> _MATERIAL PROVIDED_
= = = = = = =

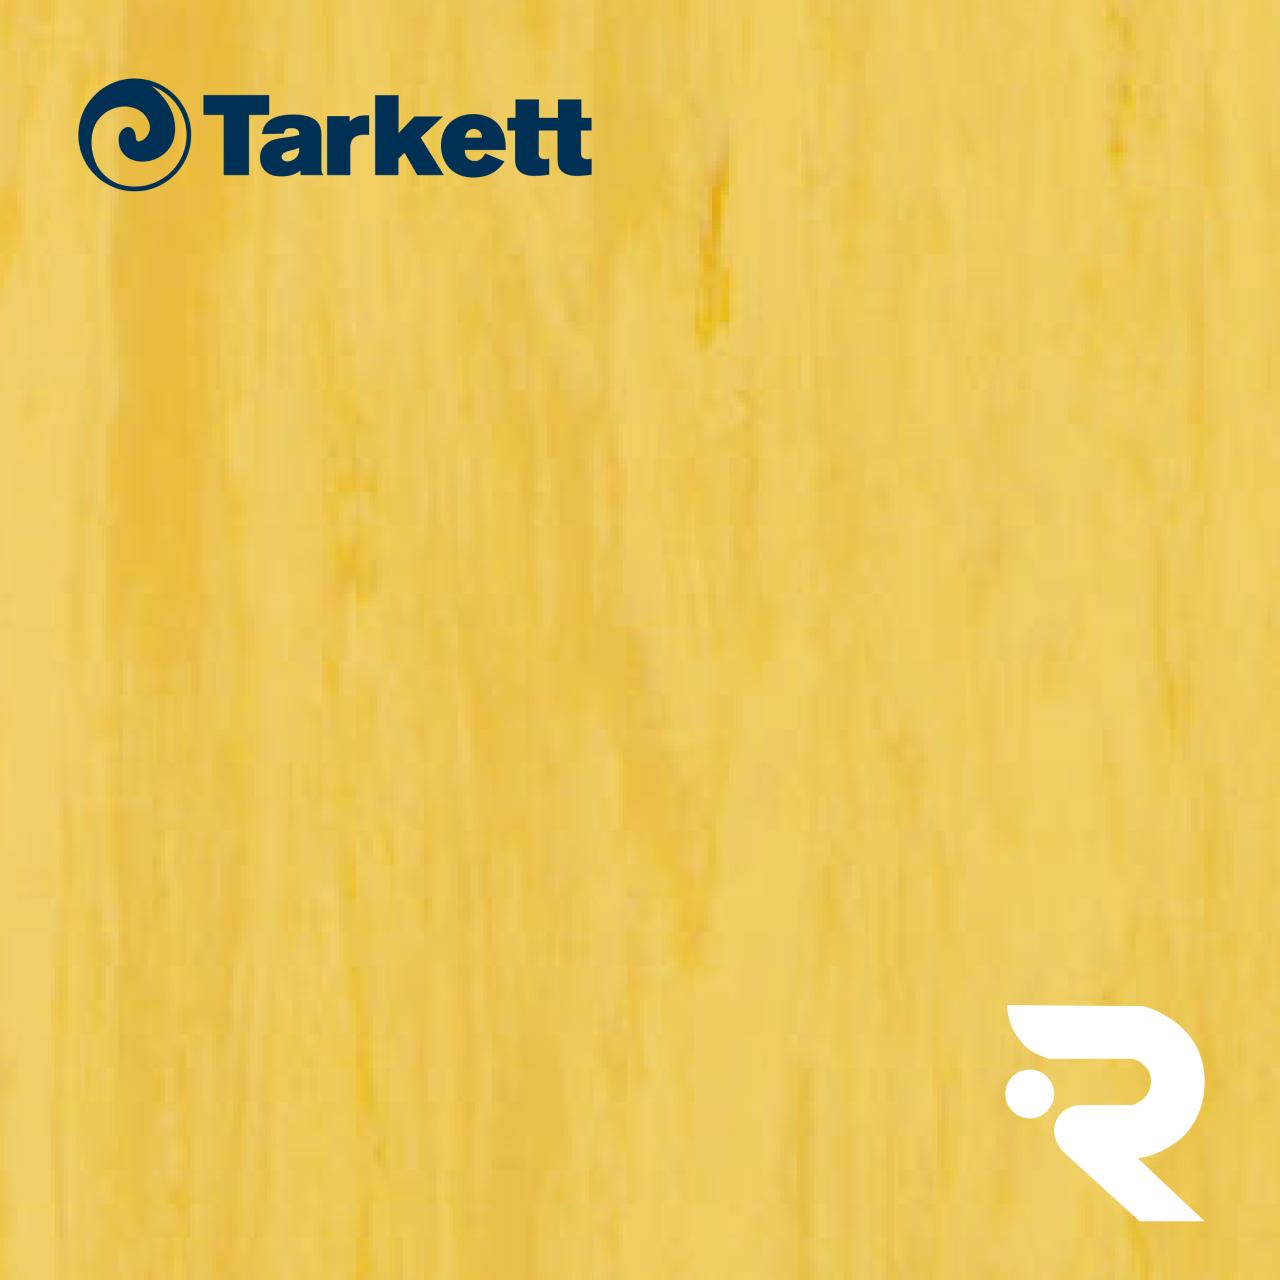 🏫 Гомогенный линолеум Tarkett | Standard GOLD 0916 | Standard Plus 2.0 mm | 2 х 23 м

= = = = = = =

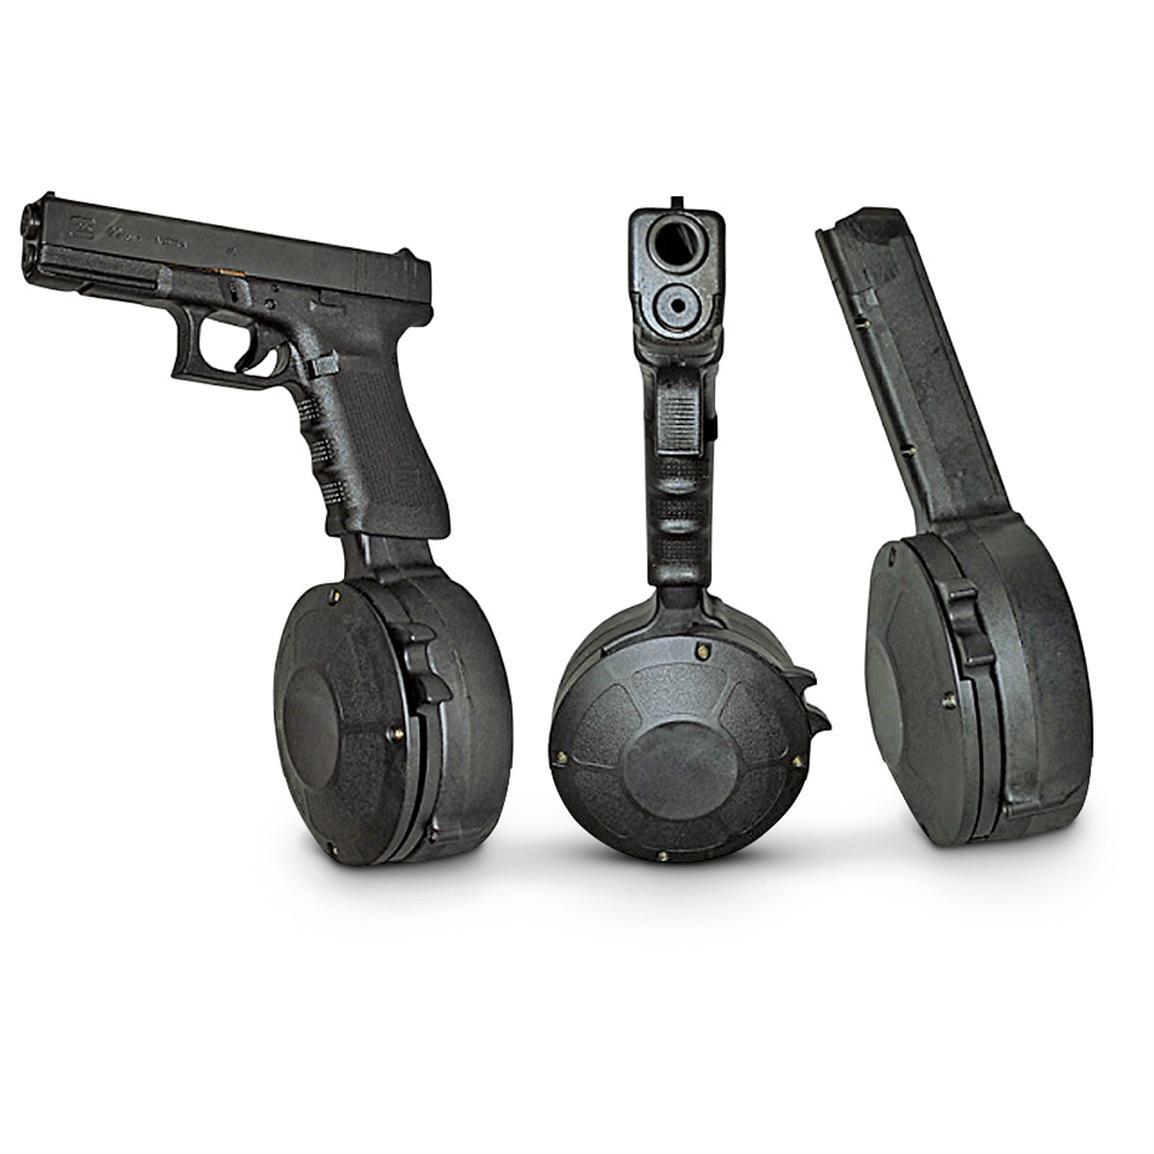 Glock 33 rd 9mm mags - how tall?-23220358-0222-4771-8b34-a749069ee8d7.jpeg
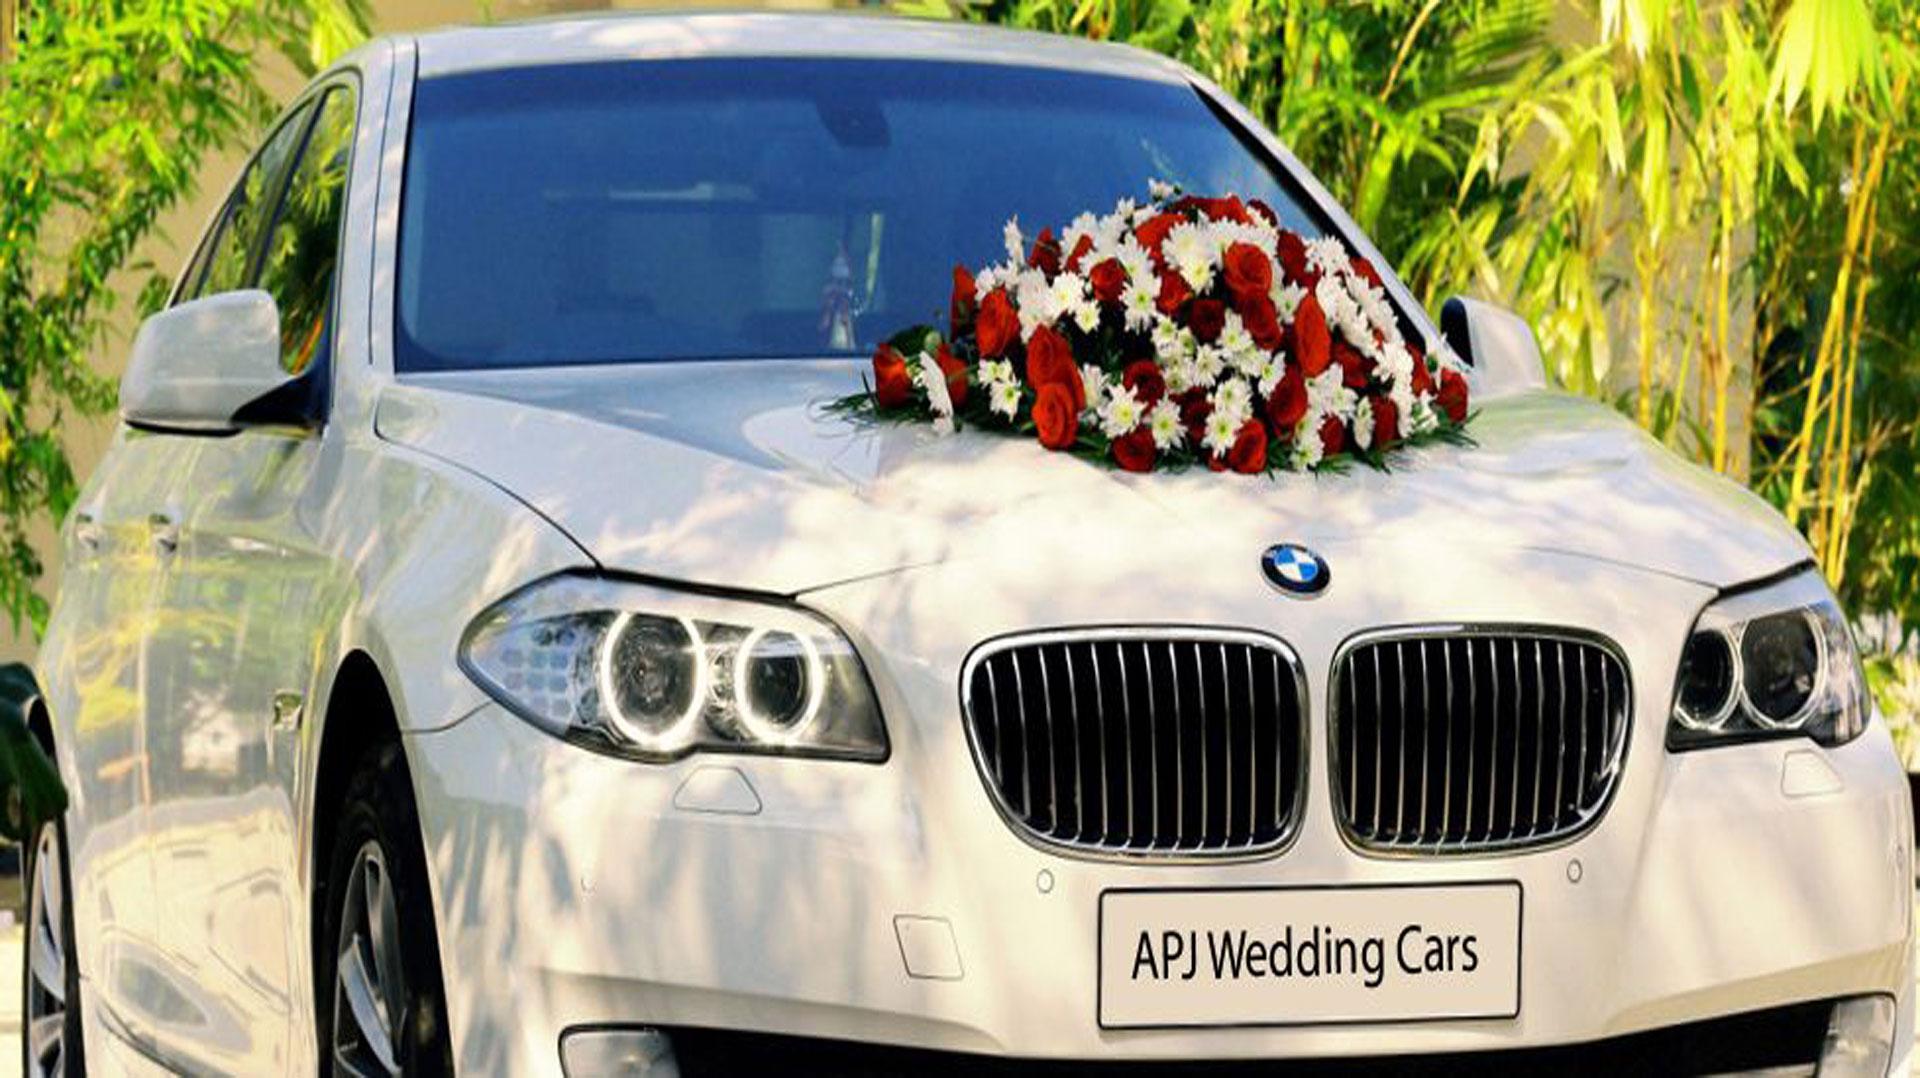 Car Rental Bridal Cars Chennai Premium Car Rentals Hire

= = = = = = =

> _PROBLEM DESCRIPTION_
Working from the records above, set down word for word everything from the line containing "Glock 33 rd" down to the line containing "Car Rental Bridal", ends included, minus the pictures.

> _TASK ANSWER_
 Glock 33 rd 9mm mags - how tall?-23220358-0222-4771-8b34-a749069ee8d7.jpeg
 Car Rental Bridal Cars Chennai Premium Car Rentals Hire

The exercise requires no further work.